What once required a crew of cameras, a script, professional editing software, and people to operate it all, Vimeo has compacted into a single user-friendly service. Vimeo’s 1.5 million paying customers have access to a database of templates, AI, stock licensed footage, music, and about everything else you’d need to create video content. No longer do small businesses with small budgets have to pay thousands for constant video content that drives engagement but generally has a short shelf life.
Not only does Vimeo have a database of content that can be used to create, but it offers a live stream portal with specific paywall options, customer support, and e-mail support. That’s basically everything needed to run a video business without worrying about the cost or technology needed to build such a service.
Vimeo is also designed for large companies and organizations like Rite Aid or Starbucks that use the service to securely broadcast CEO messages or HR training to stores all over the world. It’s not the one-on-one experience you get with Zoom (that caps at 100 people in a meeting), it’s more in tune with a digital TV studio. These Fortune 500 companies are able to broadcast to every one of their employees and stores simultaneously.
Is Vimeo Stock a Buy?
Its user base is growing – the SaaS currently has 200 million active users, 110 million of which have joined since 2019. There are a lot of factors going into that growth, a big one being the social climate presented by COVID-19. Similar to how companies like Zoom skyrocketed during social distancing, Vimeo had something that became a necessity for large businesses maintaining efficiency and communication, and small businesses trying to stay relevant in a time people are learning to work remotely and utilize digital alternatives.
While Zoom’s astronomical spike from about $100 a share to $559 a share in a span of six months was largely a reaction to the COVID-19 environment and the immediate need for its platform, that was a very specific, temporary problem. It’s evident by the stock’s drop to $333 in the six months since its peak.

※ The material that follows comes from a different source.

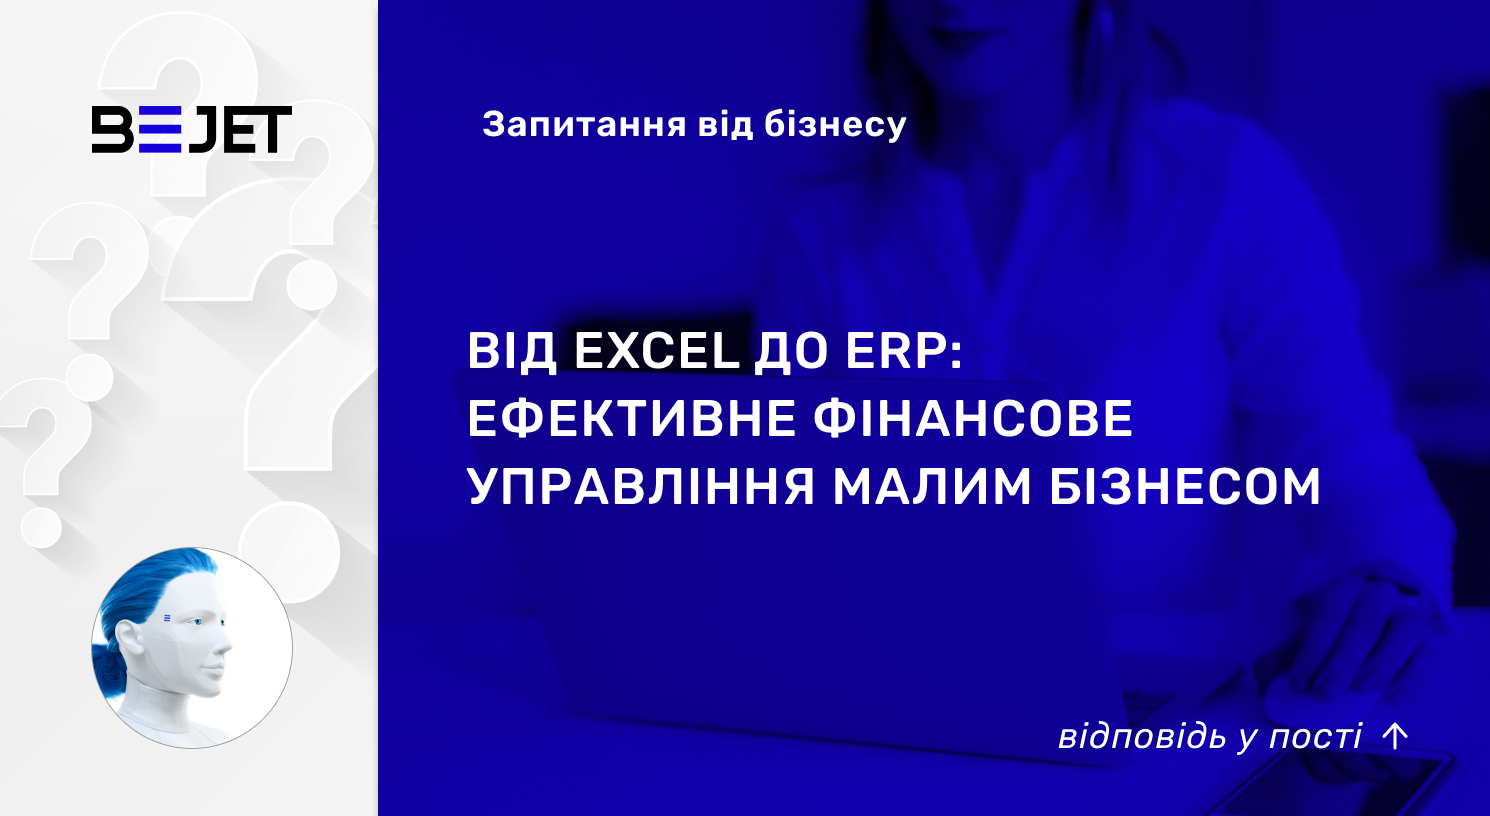 Від Excel до ERP: ефективне фінансове управління малим бізнесом

Although Vimeo had strong growth during the pandemic, don’t expect it to drop as the economy reopens. Its last year is more telling about where it’s heading: Revenue at a 57% gain, gross profits at a 67% gain, and improved operating losses from $17.2 million to just $5.6 million in the last year alone prove the company is a well-run business. Strong revenue growth paired with improving products indicates the company is growing not only what it’s offering, but the business it’s bringing in too.

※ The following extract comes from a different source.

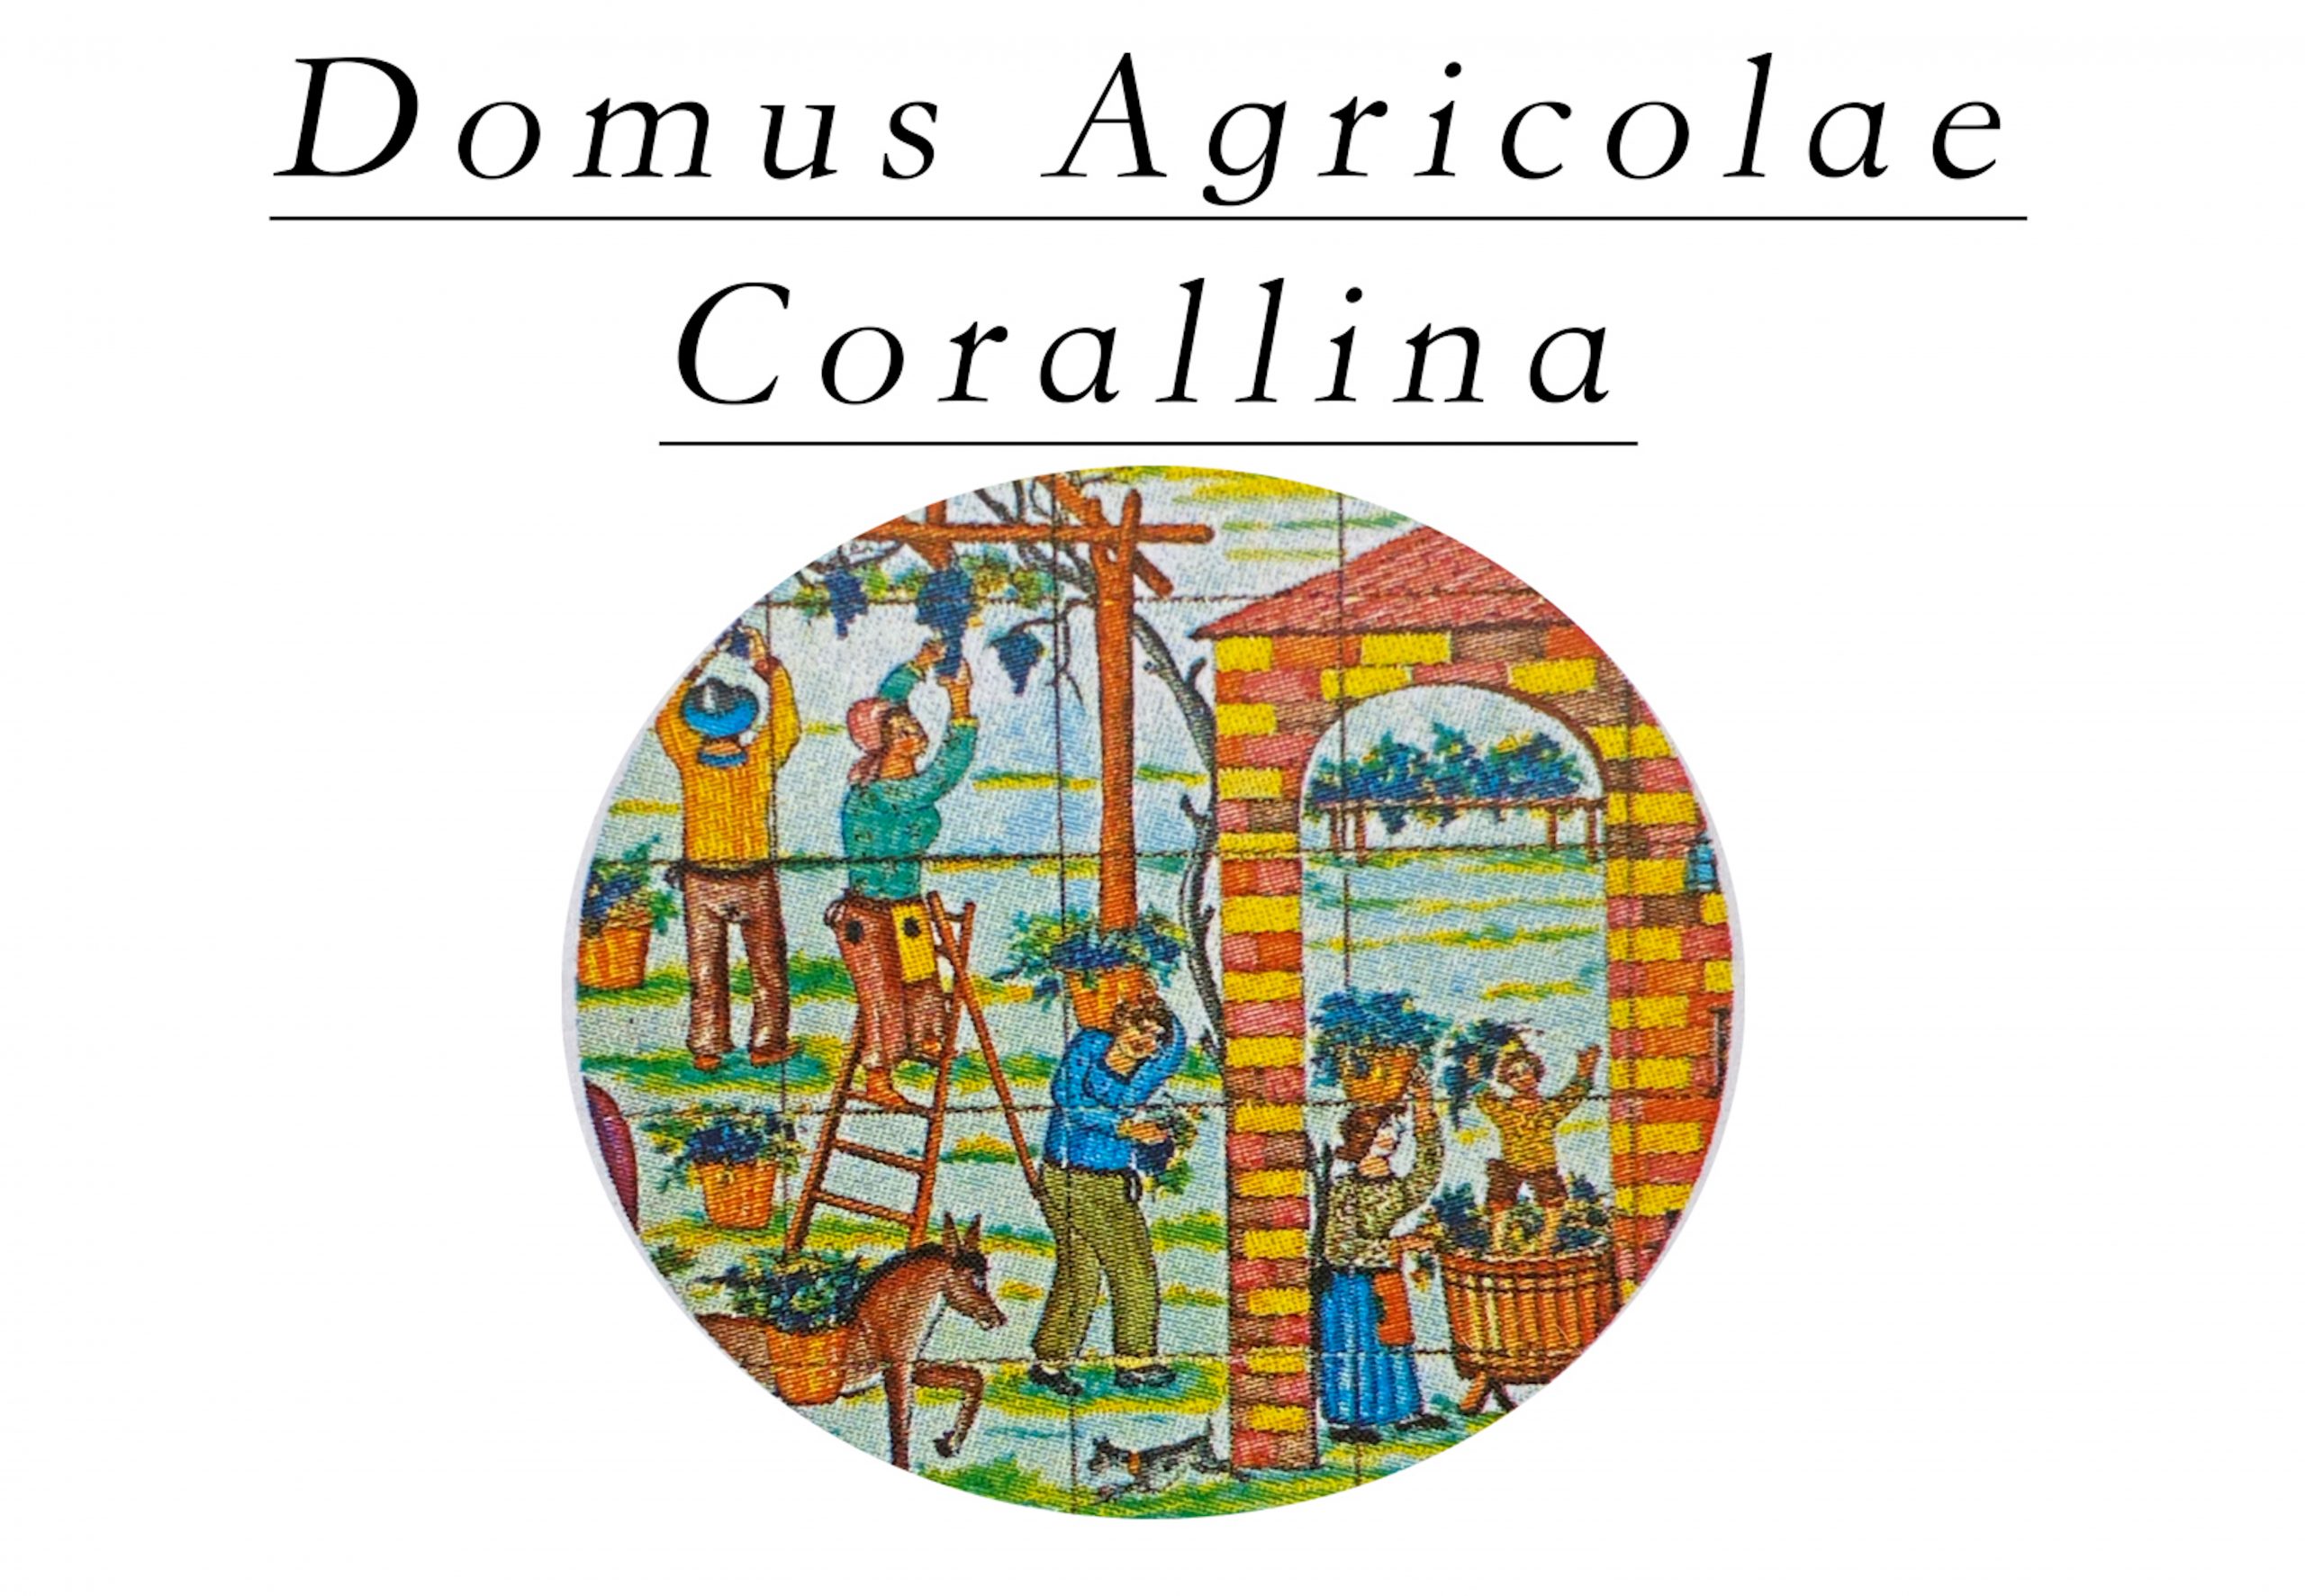 Domus Agricolae Corallina

Better yet, Vimeo posted a positive net income in Q1 of this year. Sud expects revenue to reaccelerate in late 2021 as investments in the company pay off this year.
It’s estimated 86% of businesses use video as a marketing tool – that’s up from 63% in 2017. During the pandemic, an overwhelming number of consumers said the amount of video content they watched online increased, and most marketing experts saw a positive return from video content. Ninety-six percent of them plan on increasing their budget specifically for video marketing.
Video marketing was already becoming a necessary tool for businesses. The pandemic just helped boost its growth. We could see up to 93% of businesses utilizing video marketing plans by 2022.
Only four years into its rebrand, Vimeo is niche but multidimensional. No longer the “indie version of YouTube,” it’s the world’s all-in-one video solution. Before the pandemic, there was an increased demand for video content across the board, so we can’t expect that to dwindle away now that the pandemic has subsided.
It’s unclear why the initial reaction to the IPO sent it down 13% on day one, but expect the undervalued stock to bounce back. Vimeo is a safe buy now while it’s “on sale” at $43-$46, with a target high of $56 over the next 12 months from Wall Street analysts.